Borgarnes liegt lediglich etwas mehr als eine Fahrstunde nördlich von Reykjavik. Wir haben dort eine Unterkunft gebucht, weil es der ideale Ausgangspunkt für mehrere verschiedene Aktivitäten ist, darunter auch wieder die Möglichkeit zu einer Gletscherbesteigung. Da wir diese jedoch bereits im Süden gemacht hatten, verwendeten wir die Zeit lieber für eine Umrundung der Halbinsel Snaefellsnes im Nordwesten. Diese wird von vielen Leuten als „Mini-Island“ bezeichnet, weil sie auf relativ kleinem Raum alle Klimazonen Islands beherbergt: von Gletscher bis Strand, von Vulkanen bis zu fruchtbaren Ebenen ist alles vorhanden. Nachdem wir in den letzten Wochen bereits die „grosse“ Variante von Island gesehen hatten, konnte die Halbinsel bei uns nur mässigen Eindruck hinterlassen. Begeistert haben uns lediglich die schwarzen Sandstrände, welche schneebedeckt waren und an deren Riffen sich imposante Wellen brachen, sowie ein kleiner Abstecher auf einer „richtigen“ Bergstrasse, wo selbst mit unserem Offroader nach ca. 4 Kilometern aufgrund des tiefen Schnees an ein Weiterkommen nicht mehr zu denken war. Und ja: auch hier haben wir die weiter oben beschriebene Gattung junger, leichtsinniger Touristen getroffen, welche mit einem Wohnmobil versuchten, die Strasse zu befahren; wie weit sie gekommen sind, wissen wir nicht, da wir ihnen erst nach dem Umkehren begegnet sind…

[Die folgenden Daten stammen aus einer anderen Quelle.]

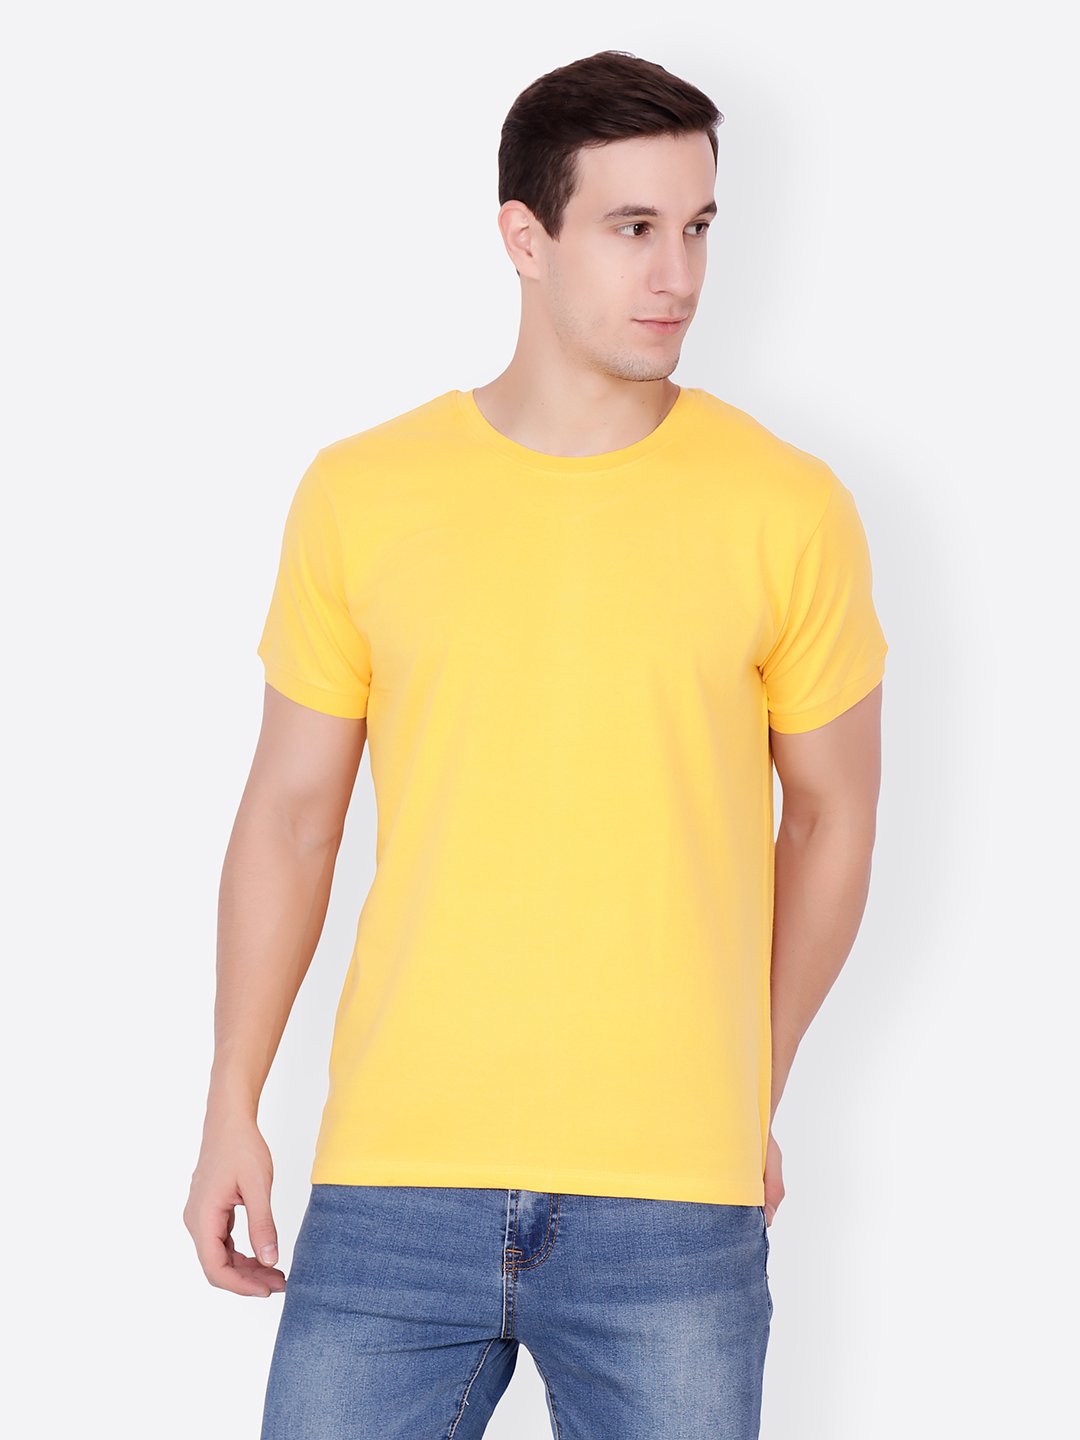 Mens_tshirt_100_yellow_2.jpg

Der grösste Vorteil der Lage von Borgarnes waren der starke Wind an der Küste, welcher die Wolken immer rasch weggeblasen hat, sowie die begrenzte nächtliche Lichtverschmutzung aufgrund der Distanz zu Reykjavik. Und so kamen wir in den Genuss einer weiteren faszinierenden Nacht mit Polarlichtern. Diese waren so gut sichtbar, dass wir sie sogar im „Hot Tub“ (ein hölzerner Bottich mit heissem Thermalwasser) auf unserer Hotelterrasse noch geniessen konnten.

Leider waren damit schon unsere beiden letzten Tage in Island gekommen: nach einer relativ unspektakulären Fahrt nach Reykjavik – einziger erwähnenswerter Teil ist ein Strassentunnel, welcher tief unter dem Meer einen Fjord durchquert – nutzten wir die verbleibende Zeit ein letztes Mal für die „Aurora-Jagd“ in der Nacht, wobei diese nicht besonders ergiebig war, was erstens an der erheblichen nächtlichen Beleuchtung durch die Lichter der Stadt auch 15 Kilometer ausserhalb von Reykjavik lag und zweitens wohl auch an unserer frühen Rückkehr ins Hotel, welche auf die dutzenden riesigen chinesischen Bustouren zurückzuführen war, die uns gefühlt auf Schritt und Tritt in der Nacht gefolgt sind. An diesem Beispiel konnte man sehr gut erkennen, dass auch die Touranbieter lediglich Wetterkarten lesen und möglichst dunkle Ecken suchen.

So launisch und rau wie uns Island begrüsst hatte, wollte es uns auch verabschieden: für den Mittag unseres Heimreisetages war ein so schwerer Sturm angekündigt, dass zwischen 12:00 und 17:00 sogar die einzige Strasse von Reykjavik zum Flughafen wegen des Windes gesperrt worden ist. Und obwohl die Crew unseres Fliegers die Passagiere beim Einsteigen regelrecht angetrieben hat, war bis zum (sehr holprigen) Start nicht sicher, dass uns die Insel nicht noch etwas behalten würde. Bei Nicola kamen schon Erinnerungen an vergangene isländische Launen der Natur auf, welche die Heimreise massiv erschweren. Glücklicherweise erhielten wir aber trotzdem noch Starterlaubnis und konnten unseren Rückflug mit etwas Verspätung antreten.

Unser Fazit: Island ist eine Insel der Vielfalt und der Überraschungen. Und auch wenn diese nicht immer positiver Natur sind, hat uns das Erlebte mehr als nur dafür entschädigt. Verbunden mit der stetigen isländischen Stresslosigkeit können wir Island als Reisedestination für Naturliebhaber wärmstens empfehlen.